Asegurado el dominio sobre ese reino de la personalidad que florece en tal espacio -limitado al este y al oeste por la pesadumbre, al sur con una espalda sin rostro y, al norte, con el inalterable cuerpo de la angustia-, comienza un proceso de movilización y de despliegue instrumental. Lo principal en esas circunstancias es tener a mano y bien visibles un ordenador, apuntes propios y prestados, fotocopias, ejercicios, casos prácticos, a ser posible algún examen tipo test desempolvado por herencia, muchos folios en blanco, cuadernos cuadriculados, a rayas o lisos; bolígrafos, bolis azules, bolis negros, bolis rojos, bolis verdes, bolis rosas, bolis grises, bolis naranjas; subrayadores y rotuladores planos, redondos, cortos, largos o en paquete; lápices. Conviene al menos disponer de goma y sacapuntas, correctores de tinta (líquidos, de bobina o brocha), pósits, clips y una buena grapadora por si acaso. Hay quien utiliza tapones para las orejas, quien se sirve de cascos y de música y quien, por el contrario, prefiere luchar en soledad ambiente.

Una vez redecorado el santuario -erigir una botella de agua aporta distinción-, aún queda por delante el grueso de la empresa. Se comienza poco a poco, se leen y se subrayan algunas páginas o se refresca el procedimiento de alguna solución, pero ninguna batalla puede ganarse con el estómago punzando, es ciertamente una irresponsabilidad, así que como la salud es lo primero uno debe salir en busca de auxilio nutritivo.

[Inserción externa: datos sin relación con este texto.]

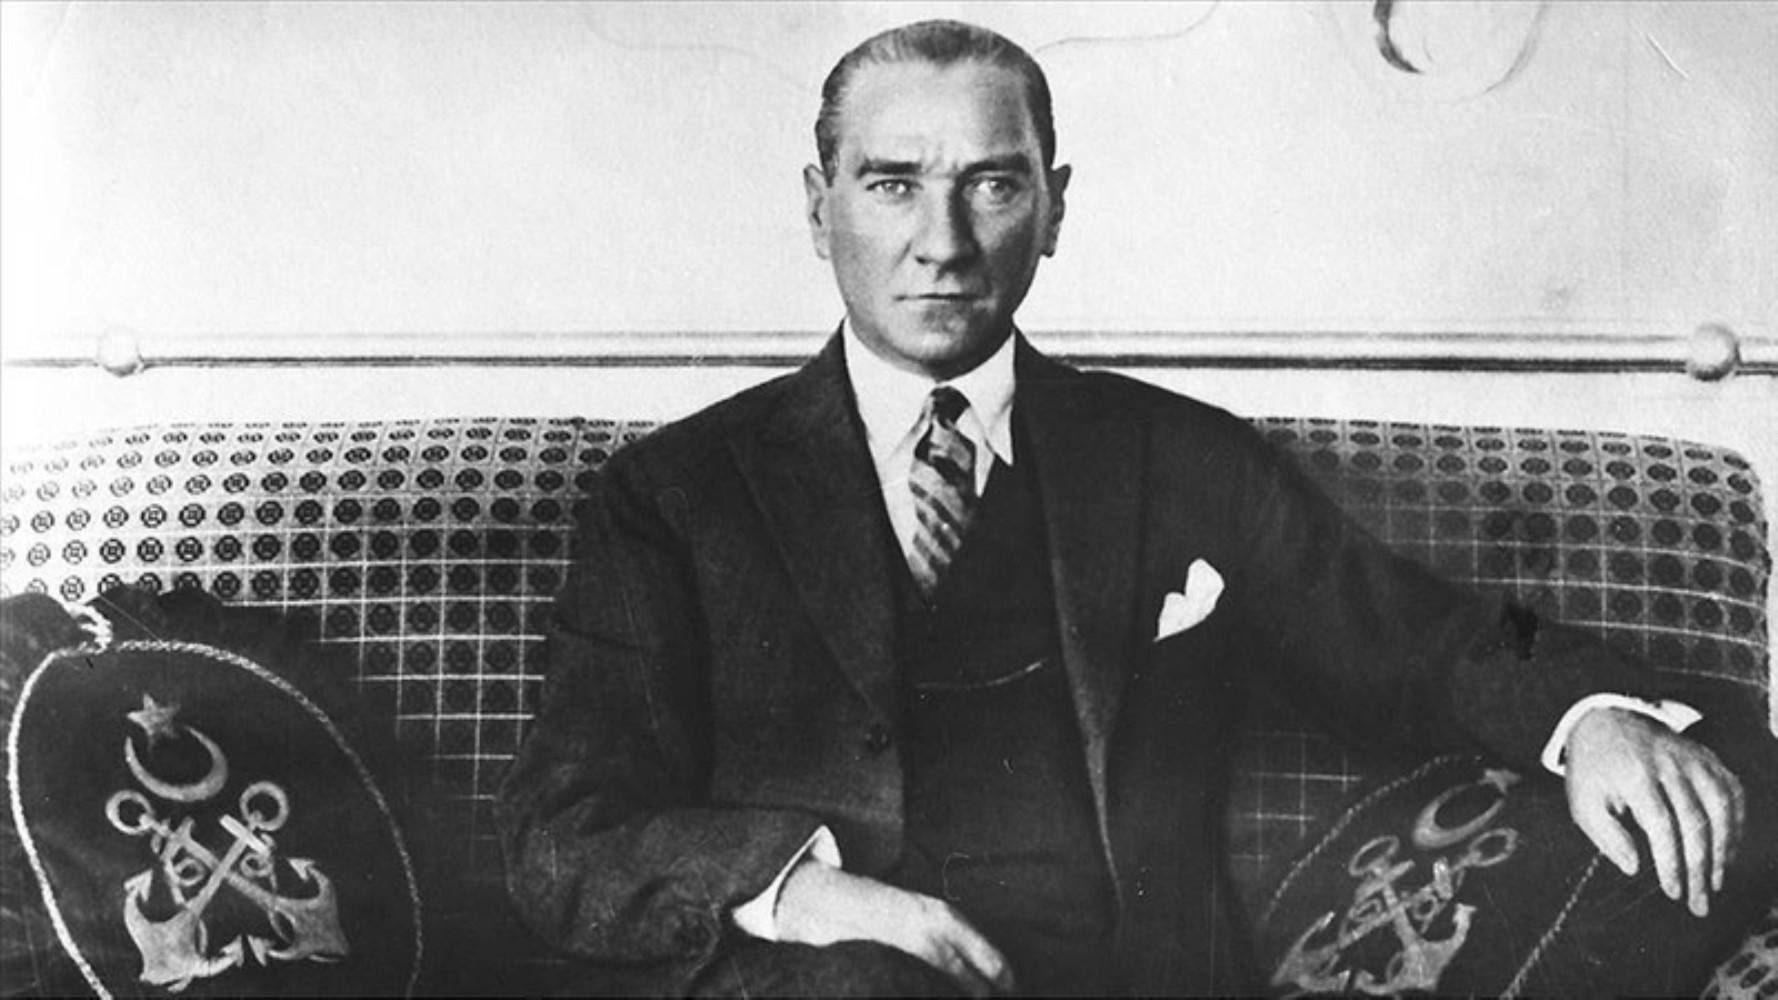 Atatürk'e önerilen 13 soyadı! İşte anlamları...

Satisfecha esta necesidad, y después de responder a los últimos mensajes en el móvil, nada impide dedicarse enteramente a la obra. Media vuelta, una vuelta entera de las agujas a la superficie del reloj en los días buenos, una y media en el más brillante de todos, hasta que una segunda necesidad aparece, remota al principio, pero gradual y en constante aumento llegando a convertirse en algo imperioso, jamás antes ha dolido tanto, quizás en aquel viaje en que no había gasolineras, pero nunca más hasta este momento. La concentración perdida hace rato, probablemente demasiado, pero desde luego no es esa ahora la mayor de las preocupaciones. Levantarse, correr la silla con sigilo mal disimulado y apresurarse al baño. Después regresar en paz, reconciliado con la calma y el sentido de la obligación. La disposición del alma como nueva y sin un cuerpo del que ocuparse hasta dentro de un tiempo, la amenaza reaparece y la tarea se reinicia, pero a pesar de las técnicas de concentración y de las covers acústicas, a pesar del miedo sobre todo, hace tiempo que la banda ancha de la atención dejó de conducir. Acaso sea el aumento de la temperatura o de la densidad del aire concentrado, puede que sólo una cuestión de aburrimiento, pero uno no deja de levantar los ojos, primero, y la cabeza entera, después. Los coches aparcados en la calle, las luces que cuelgan, el parpadeo del detector de humos, los planos de las salidas de emergencia, el chico que se pone de pie y se marcha, la chica rubia que pasa por el pasillo, la chica morena que pasa por el pasillo, las miradas -interesantes, atractivas, vacías, aburridas, pero miradas por todas partes-, el anciano que se bambolea con toda la sección de prensa en la mano rumbo al sillón de la primera planta, los cacahuetes de la mesa de delante, el viaje por Europa de ese idiota, la intuición de que algo ha pasado en el mundo y de que hay que mirar las noticias, la desilusión porque no ha pasado nada destacable. Un mensaje, una respuesta, una conversación.

Es probable que a esas alturas uno sienta hambre hasta desfallecer y, aún con dudas, decida interrumpir todo el proceso. Bastante se ha hecho ya, mucho más que en casa por lo menos; desde luego queda mucho, pero no tanto como cuando hace unas horas se abandonó la cama contribuyendo al devenir del mundo, no está mal así. Y el camino inverso, recuperar y guardar las herramientas, levantarse, el placer de estirarse y de empujar los brazos por las mangas del abrigo, acomodárselo. Contemplar sitios vacíos, no codiciarlos, no necesitarlos, retroceder y salir, abandonar de verdad el edificio a otra hora y en otras circunstancias sin haber logrado más que una candidatura a la desesperación y un viaje al abismo, ir a casa, a la cafetería o a cualquier parte, engañarse para distraerse con seguridad y confianza, esta tarde más o quizás no, esta noche o ya mañana, sin resistencia y otra vez.